Сталин как антикризисный менеджер

На модерации Отложенный Иосиф Сталин управлял государством методом проб и ошибок. Коллективизация 1929–1930 годов, форсированная индустриализация первой пятилетки, террор 1937–1938 годов были авантюрами, уроки которых диктатор усвоил и которые в дальнейшем не повторял. Ведущий исследователь сталинизма Олег Хлевнюк называет эту управленческую манеру «кризисным прагматизмом» — сначала ввязаться в драку, а там уже думать, на какие уступки пойти под давлением обстоятельств. В своей новой монографии «Хозяин» Хлевнюк рассказывает об утверждении сталинской диктатуры в 1930-х. Архивная революция после падения коммунизма позволила поставить вопрос об альтернативах сталинской политике. Хлевнюк показывает, что построение социализма в одной стране могло бы быть гораздо менее кровавым, если бы Сталин сначала думал, а потом принимал решения.

— Что нового узнали историки о сталинизме после того, как в начале 1990-х открылись архивы?

— Теперь мы точно знаем, как принимались почти все ключевые решения, которые фиксировались на бумаге. Наиболее яркий пример — история сталинского террора. Хрущевско-солженицынские представления о терроре очень сильно отличаются от того, что мы узнали благодаря архивам. Выяснилось, что массовые репрессии были сугубо централизованными акциями, которые проводились на основании приказов из Москвы. Аресты и расстрелы планировались, как выпуск стали.

— Какую роль в этой системе играл сам Сталин?

— Сталин был инициатором и главной движущей силой самых важных решений. Этот, казалось бы, банальный вывод очень часто оспаривался, а документы его подтвердили однозначно.

Коллективизация в том виде, в котором она проводилась, — это, несомненно, сталинское решение. Пускать, например, кулака в колхоз или не пускать? Даже среди ближайших соратников Сталина было мнение, что нужно попытаться вписать этого крепкого, опытного крестьянина в новую жизнь. А Сталин говорил: «Не пускать, уничтожить».

— Даже после победы над «правыми» в 1928 году?

— Да. Я бы отметил еще один важный момент архивной революции 1990-х. Это проблема вариантов. Идущие от «Краткого курса» и вбитые нам в голову идеи: могло быть только так, как было, и не иначе — это, конечно, чрезвычайное упрощение. Даже в рамках сталинской модели мы видим различные способы реализации и достижения одних и тех же целей.

Первая пятилетка абсолютно не похожа на вторую. Если первая пятилетка — это ломка всего что можно, без малейших раздумий, то во вторую пятилетку, выросшую из глубочайшего кризиса, тот же Сталин проводит совсем другую политику. Будь он более подготовлен к управлению государством, умей он прислушиваться к мнению оппонентов, ничто бы не мешало проводить первую пятилетку теми же методами, что и вторую.
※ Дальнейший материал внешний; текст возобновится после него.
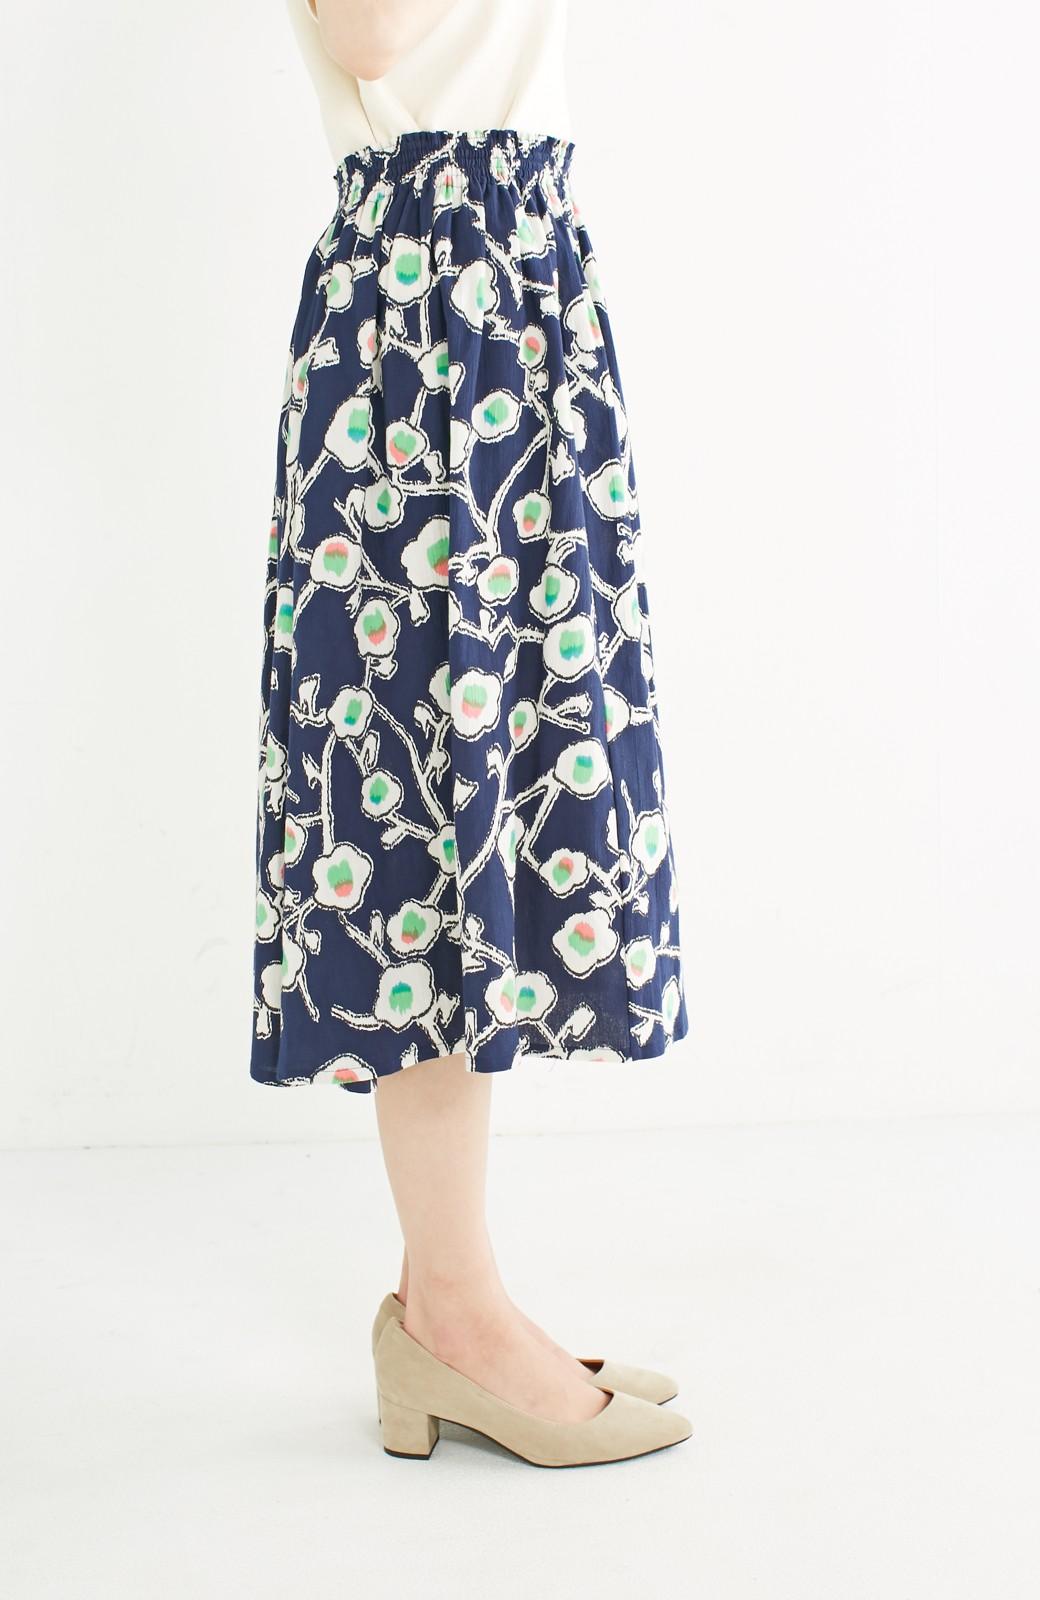 haco! 京都の浴衣屋さんと作った浴衣生地のスカート <ブルー系その他>の商品写真5

Это волевое субъективное решение слишком дорого обошлось стране.

И таких примеров можно привести много.

— У нас любят повторять, что «история не знает сослагательного наклонения».
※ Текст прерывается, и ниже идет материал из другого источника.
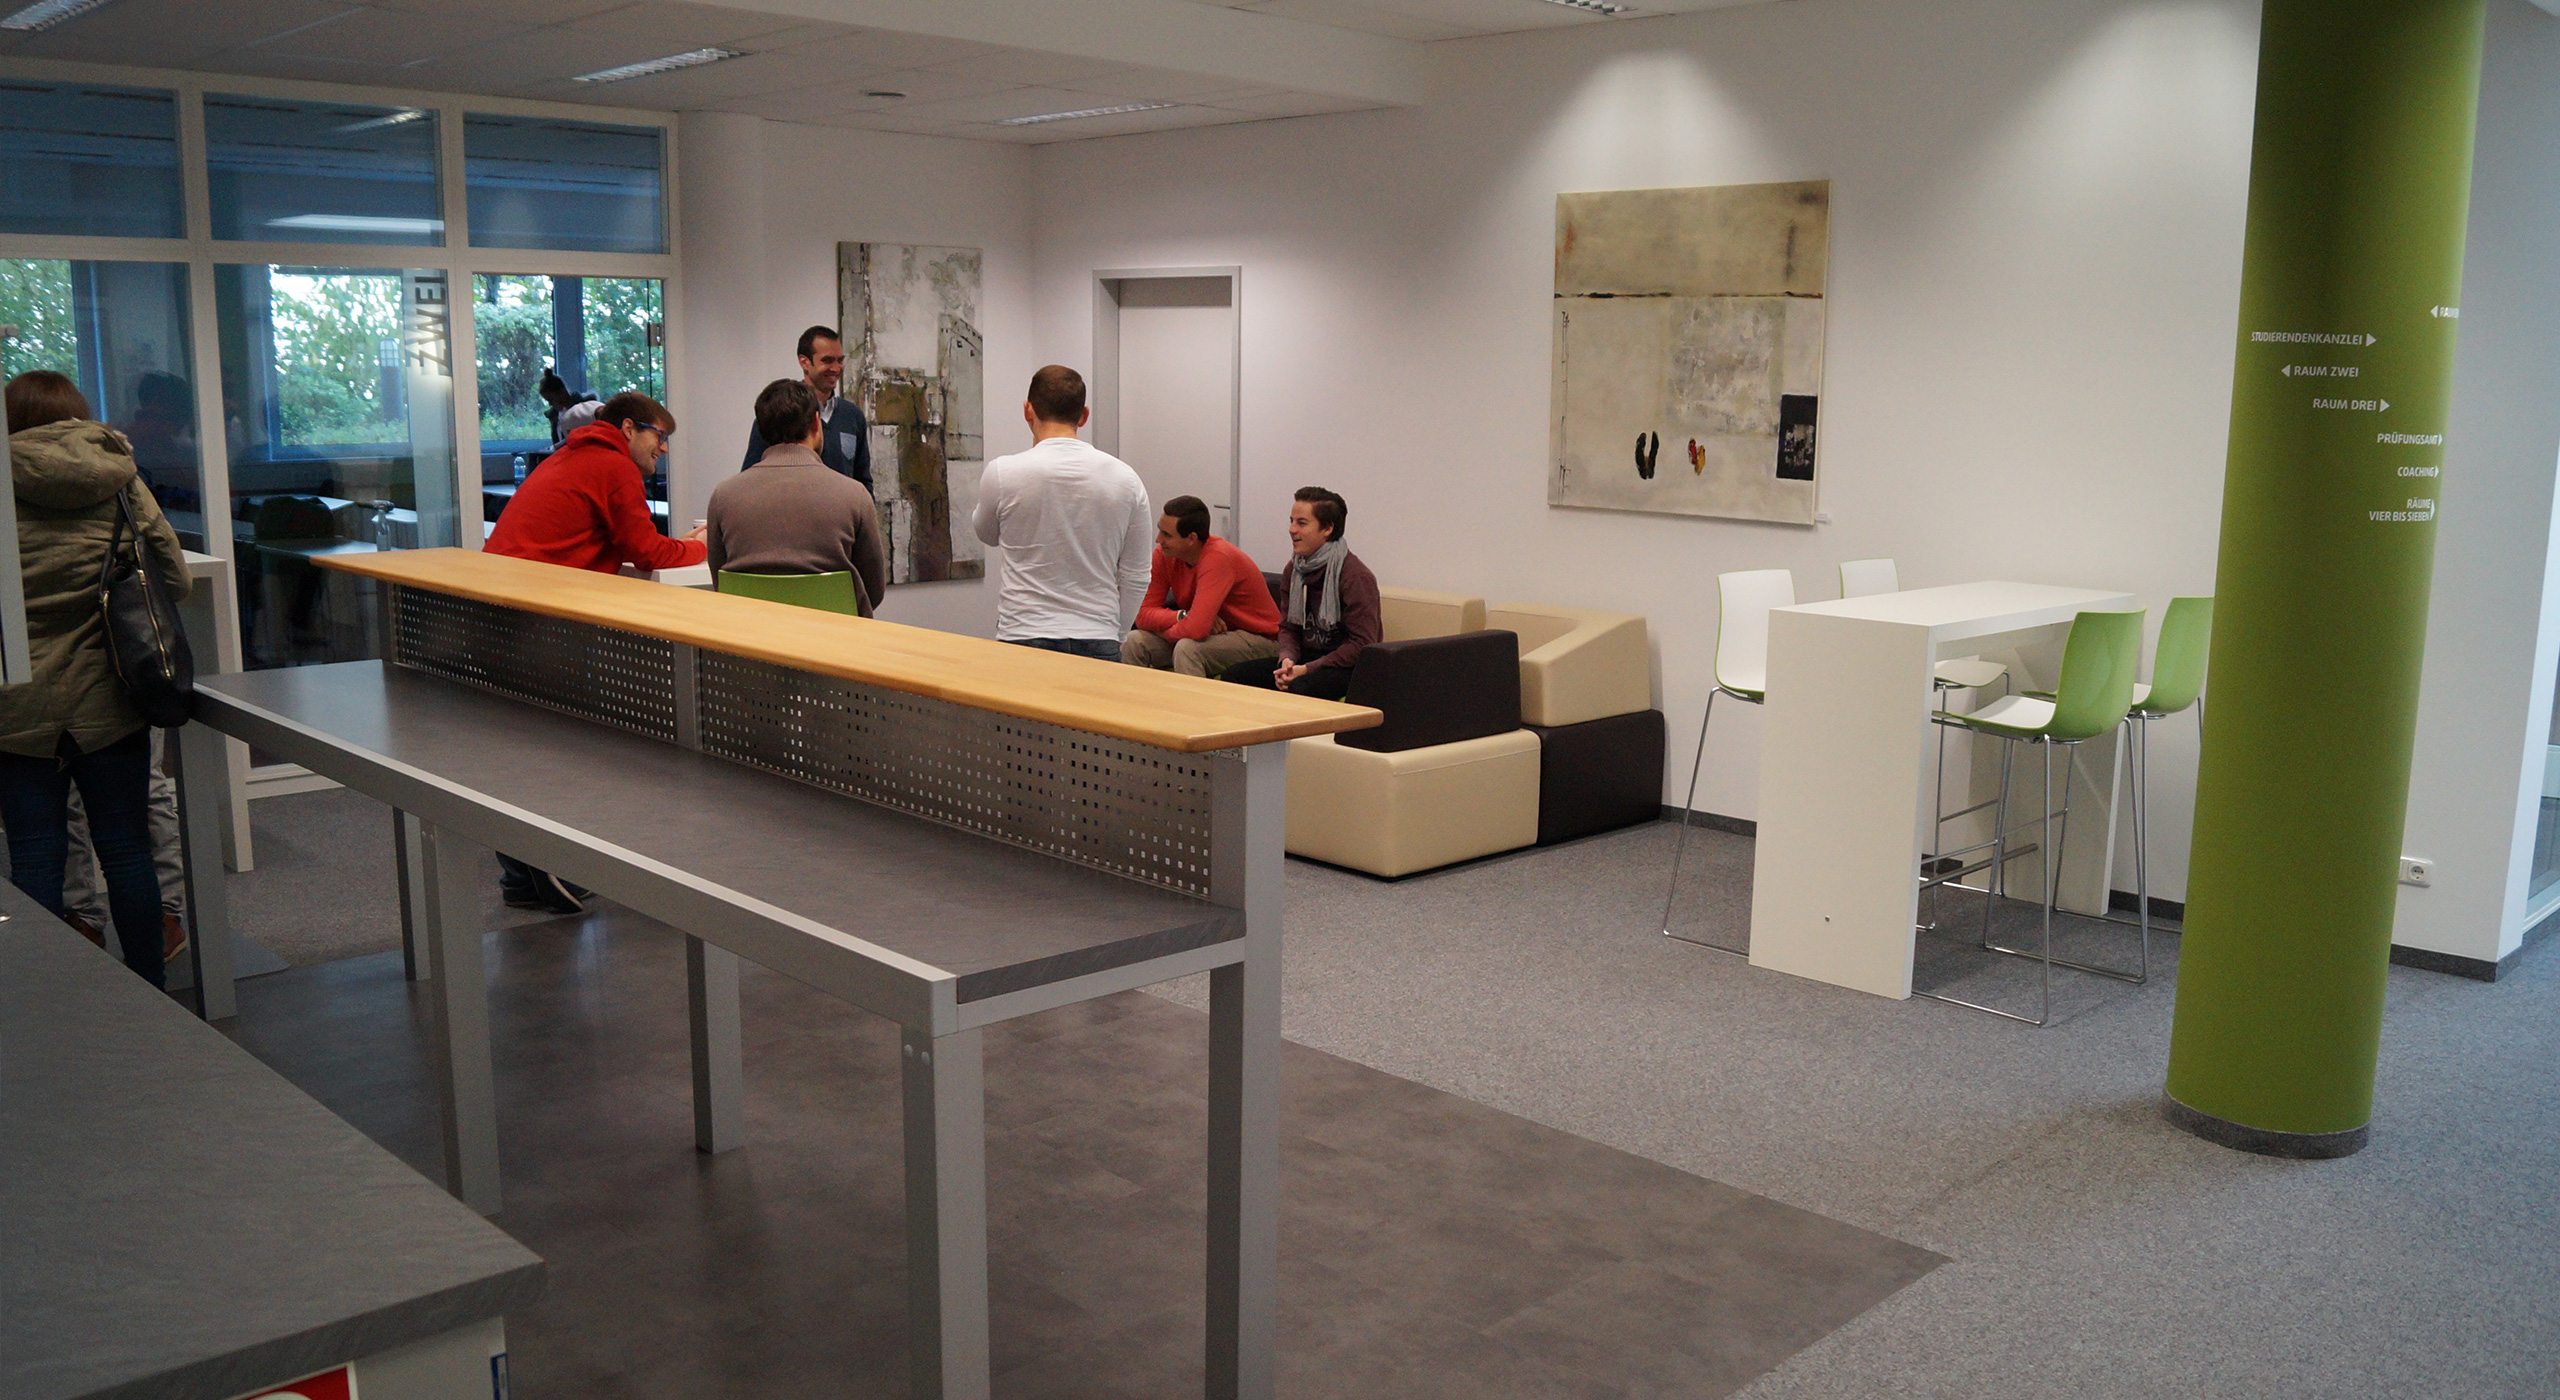 Besprechungsraum mit Tischen und Personen

— Совершенно невозможно объяснить, почему рассуждения о том, что история могла пойти иначе, считаются у нас в принципе крамольными.

В начале 1930-х Сталин еще спокойно, без страха передвигался по городу. 16 ноября 1931 года на Ильинке он столкнулся с вооруженным человеком — вероятно, белогвардейцем, которого направила антисоветская группа из-за рубежа. На счастье Сталина, этого человека сопровождал внедренный в подпольную организацию гэпэушник, который не дал ему выстрелить. В 1933 году, когда Сталин отдыхал на юге, его катер случайно обстреляли пограничники. Сталин сидел в этот момент на открытой палубе, дышал воздухом. Представьте себе, что его застрелили бы. Или что он тяжело заболел — он был не очень здоровым человеком…
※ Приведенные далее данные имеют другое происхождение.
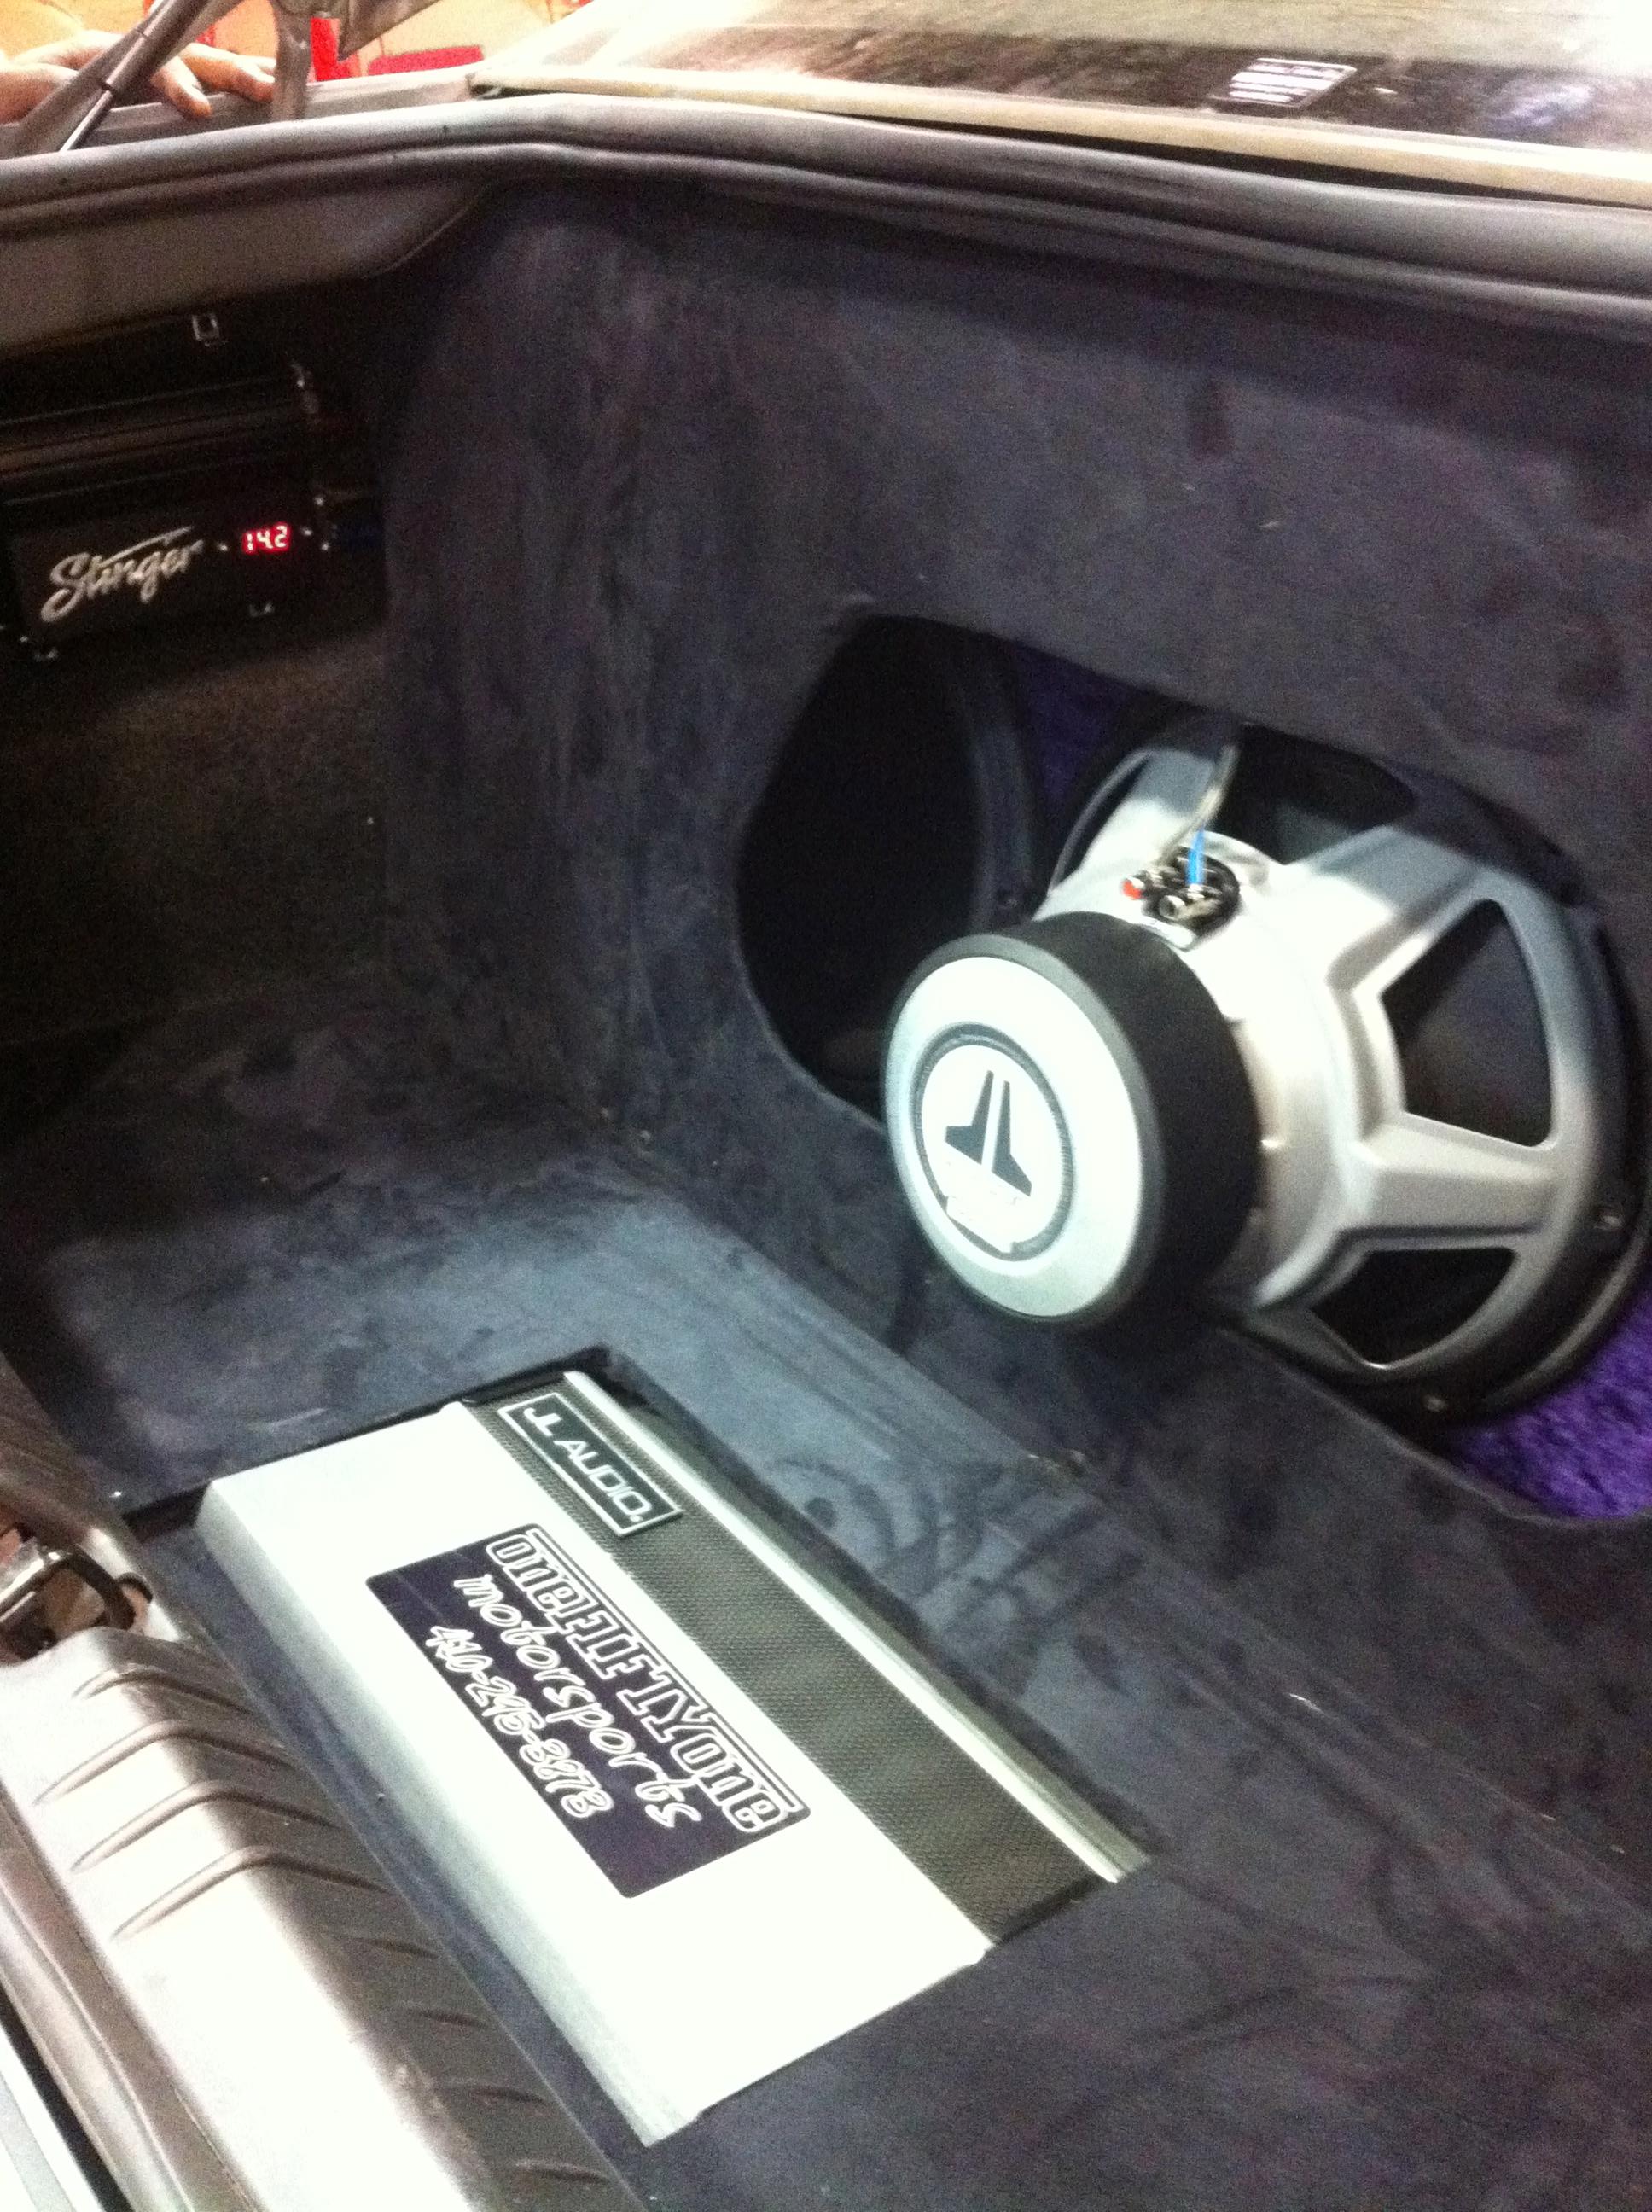 JL Audio Subwoofer

— На совести Сталина миллионы жизней. А где же сознательное сопротивление, заговоры, которые сталинская политика должна была порождать?

— Сталин и его курс не имели даже такой легитимности, которую, предположим, имела нацистская диктатура. Гитлер был лидером одной из крупнейших в парламенте партий и на этом основании возглавил правительство. Сталина никто никогда не избирал. Сталинизм как система был стране навязан. Сделать это было сравнительно просто из-за колоссальной усталости и раздробленности общества в результате Первой мировой и Гражданской войны, страшного голода 1921–1922 годов, наконец, массовой эмиграции. Два миллиона человек, которые оказались за пределами страны, могли составить ядро мощного сопротивления. Большевики доказали, что в моменты разброда очень многое зависит не от большинства, а от активной, целеустремленной и сплоченной группы.

Сопротивление сталинскому курсу было, и весьма серьезное. Коллективизация привела к настоящей крестьянской войне. Благодаря архивам мы узнали, что в ней участвовало несколько миллионов человек. Плохо вооруженные крестьяне упорно сопротивлялись, в их руки переходили целые районы. Как и во всех крестьянских войнах, восставшие не смогли выдержать регулярного натиска государства, которое, кстати, учитывая крестьянский состав армии, до последнего момента старалось ее не использовать. Армия тоже бурлила. Красноармейцы получали из дома информацию, которая вносила в их среду очень большое смятение.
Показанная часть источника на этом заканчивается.